Reynolds signs police reform bill with no mention of felon voting rights
Gov. Kim Reynolds signs a police reform bill on June 12, 2020, alongside Rep. Ruth Ann Gaines, D-Des Moines. (Photo by Linh Ta/Iowa Capital Dispatch)
As Iowa Gov. Kim Reynolds sat outside and signed a historic police reform bill into law, chants of “Black Lives Matter” rang out on the steps of the Capitol from protesters holding their fists skyward.
Sitting in front of a poster of a Black Power fist, Reynolds signed House File 2647, which aims to remove from the ranks of police departments those officers who have a history of serious misconduct. It’s also intended to provide training for officers on recognizing their biases and on techniques for de-escalating confrontations without resorting to force.
Reynolds commended the Legislature for quickly drafting and passing the bill this week. Leaders from both parties met with the governor on Monday and drafted a bill. It passed in one day with unanimous support from Republican and Democrat legislators, following weeks of protests across Iowa in response to the death of George Floyd while in the custody of Minneapolis police.
Reynolds gave special thanks to Reps.
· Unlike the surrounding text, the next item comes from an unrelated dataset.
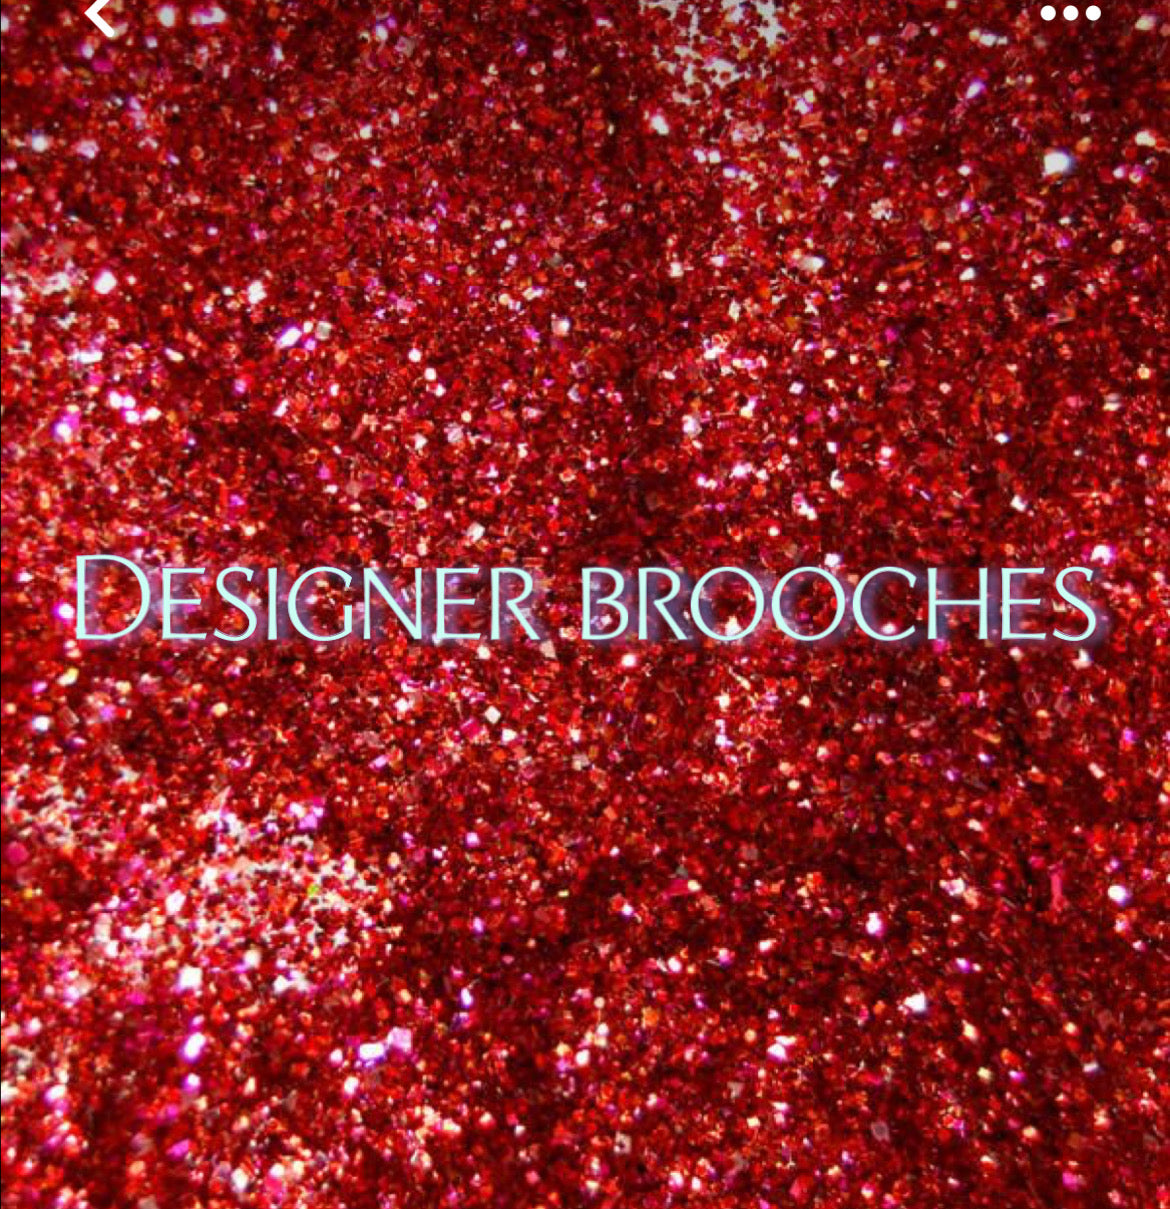 Brooches in designer styles

Ako Abdul-Samad, D-Des Moines, and Ras Smith, D-Waterloo, for their work on the bill.
“I’m proud to say in Iowa we do things different,” Reynolds said. “This bill is a loud and resounding signal from the people of Iowa and its leaders that we are ready and willing to act.”
Reynolds, however, did not say anything about signing an executive order granting automatic restoration of voting rights for felons — a step that activists have asked her to take this session.
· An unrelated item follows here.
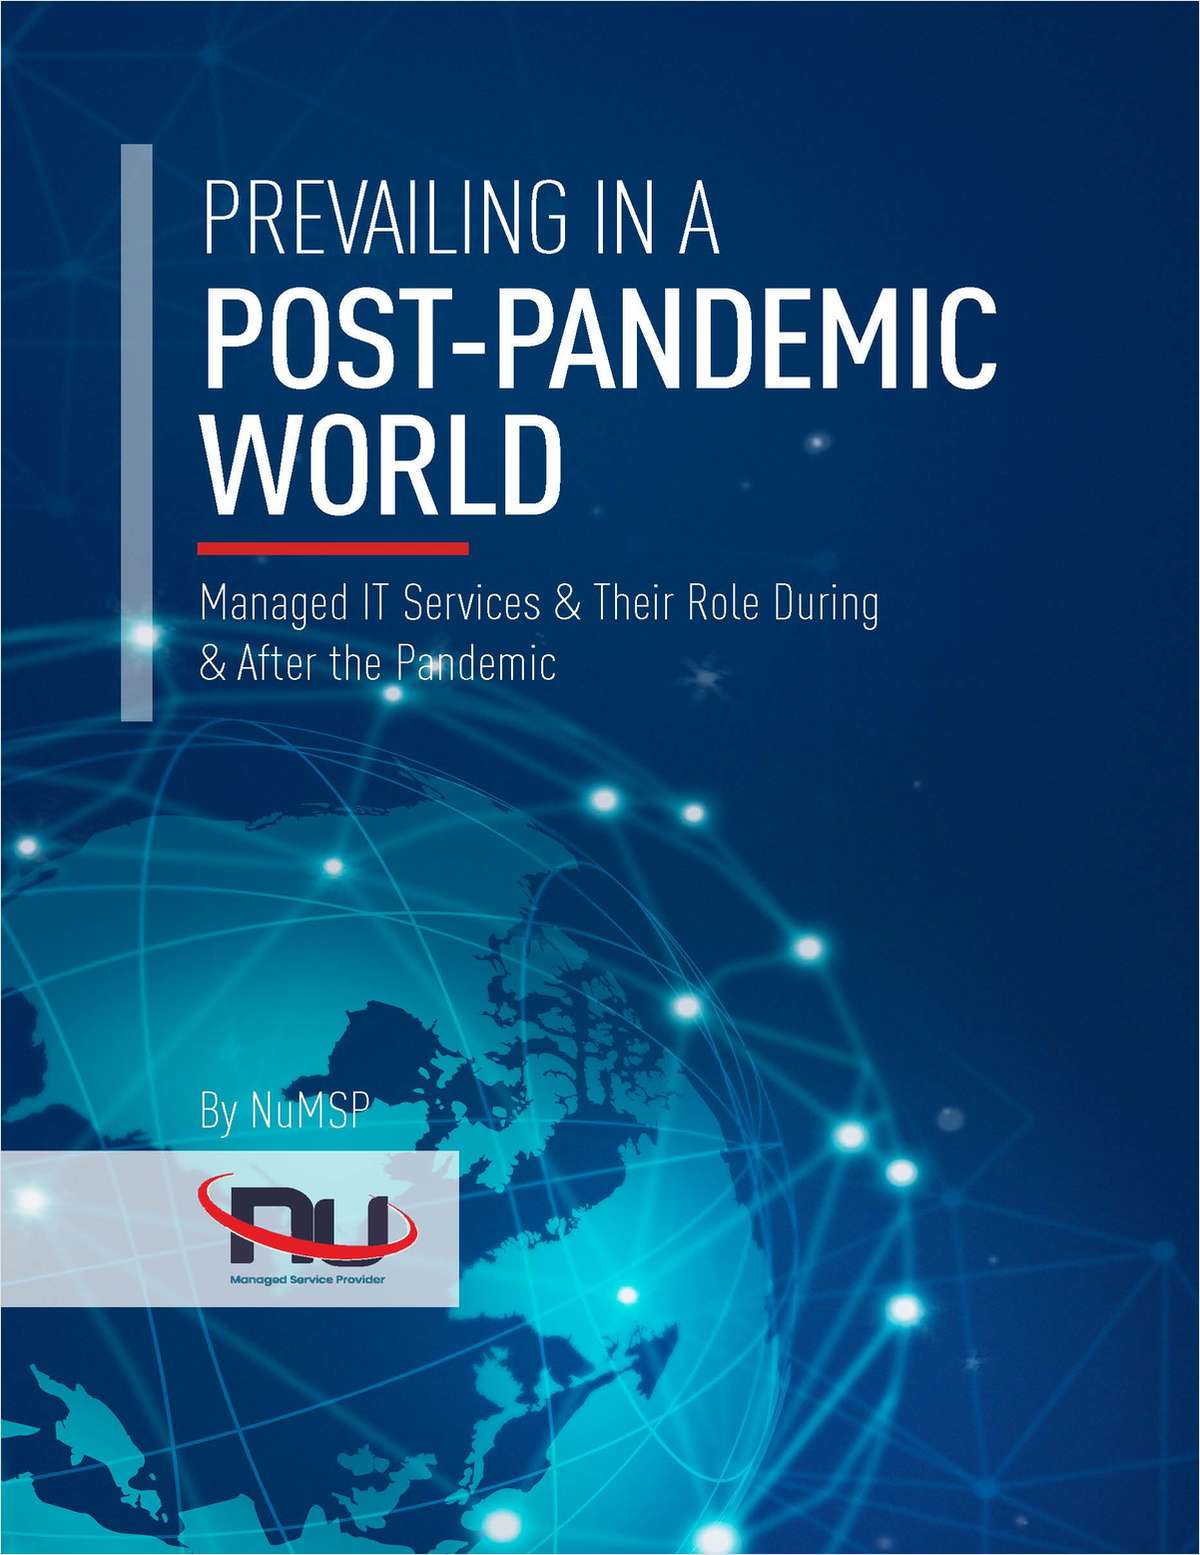 PREVAILING IN A POST-PANDEMIC WORLD

However, the governor met with a few members of Des Moines Black Lives Matter on Friday and said she is planning on drafting an executive order, said Matthew Bruce, a leader in the group.
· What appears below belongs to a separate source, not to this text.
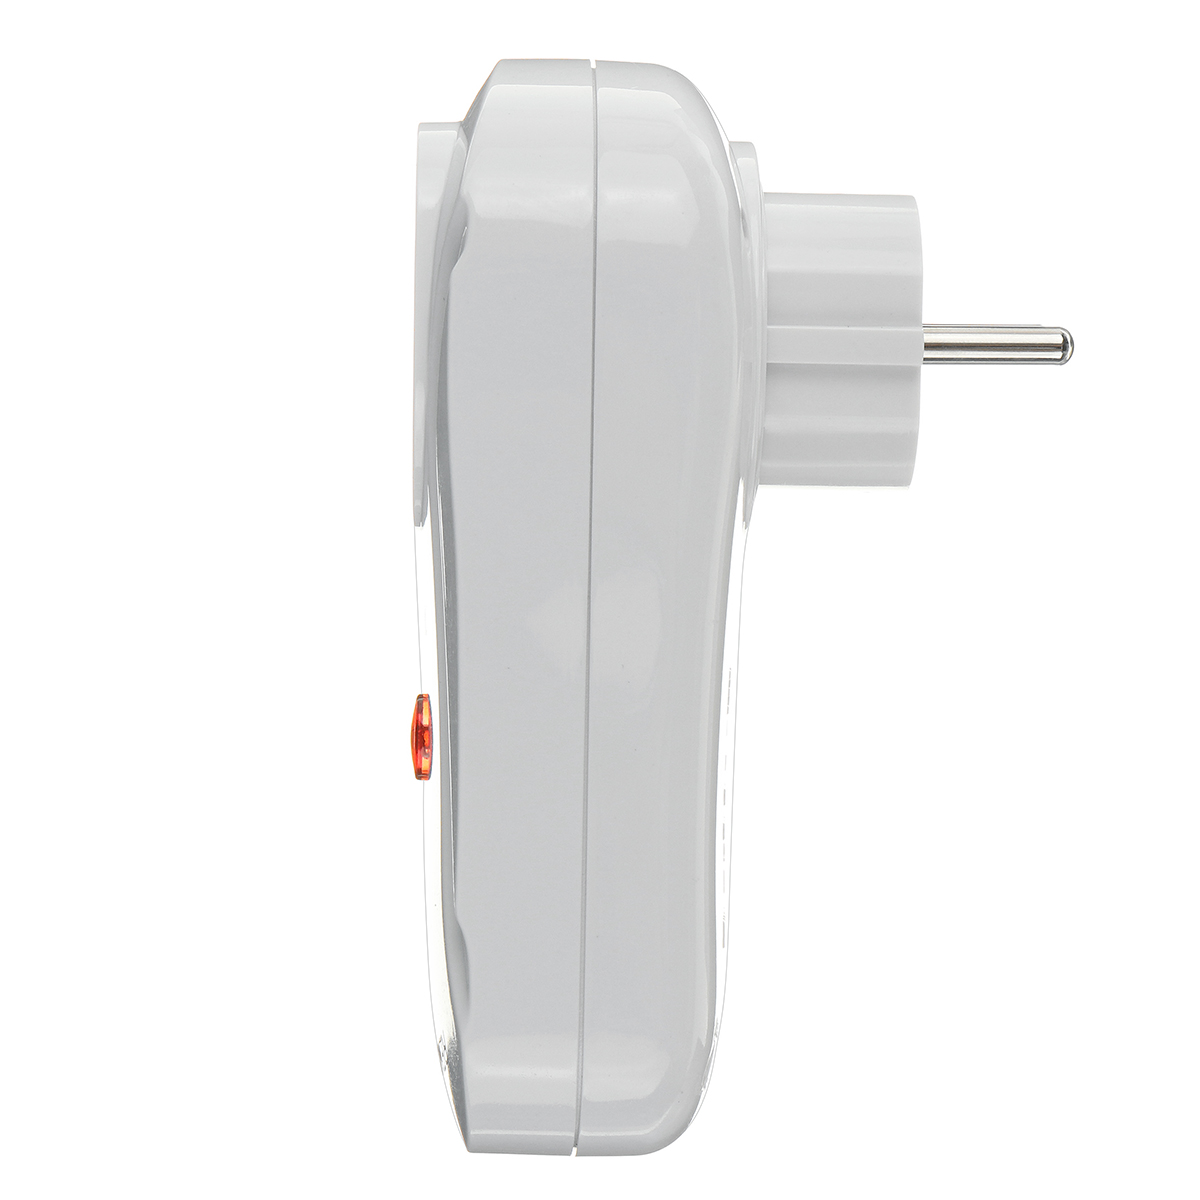 Wireless-Remote-Control-Socket-Switch-For-Food-Waste-Disposers-Garbage-Disposals-Socket-1595768-8

Members of Des Moines Black Lives Matter have a meeting scheduled with the governor on Monday to look over the draft, he added.
Pat Garrett, spokesperson for the governor’s office, did not respond to a request for confirmation regarding the proposed executive order. Reynolds did not answer any questions during the public signing.
While Friday was a joyous occasion for those on hand, Bruce said the group’s primary goal is getting Reynolds to sign the executive order.
“It’s joy. It’s pure joy. We know we’re getting stuff done that’s going to affect generations,” Bruce said. “We’re trying to sit in the joy moving forward.”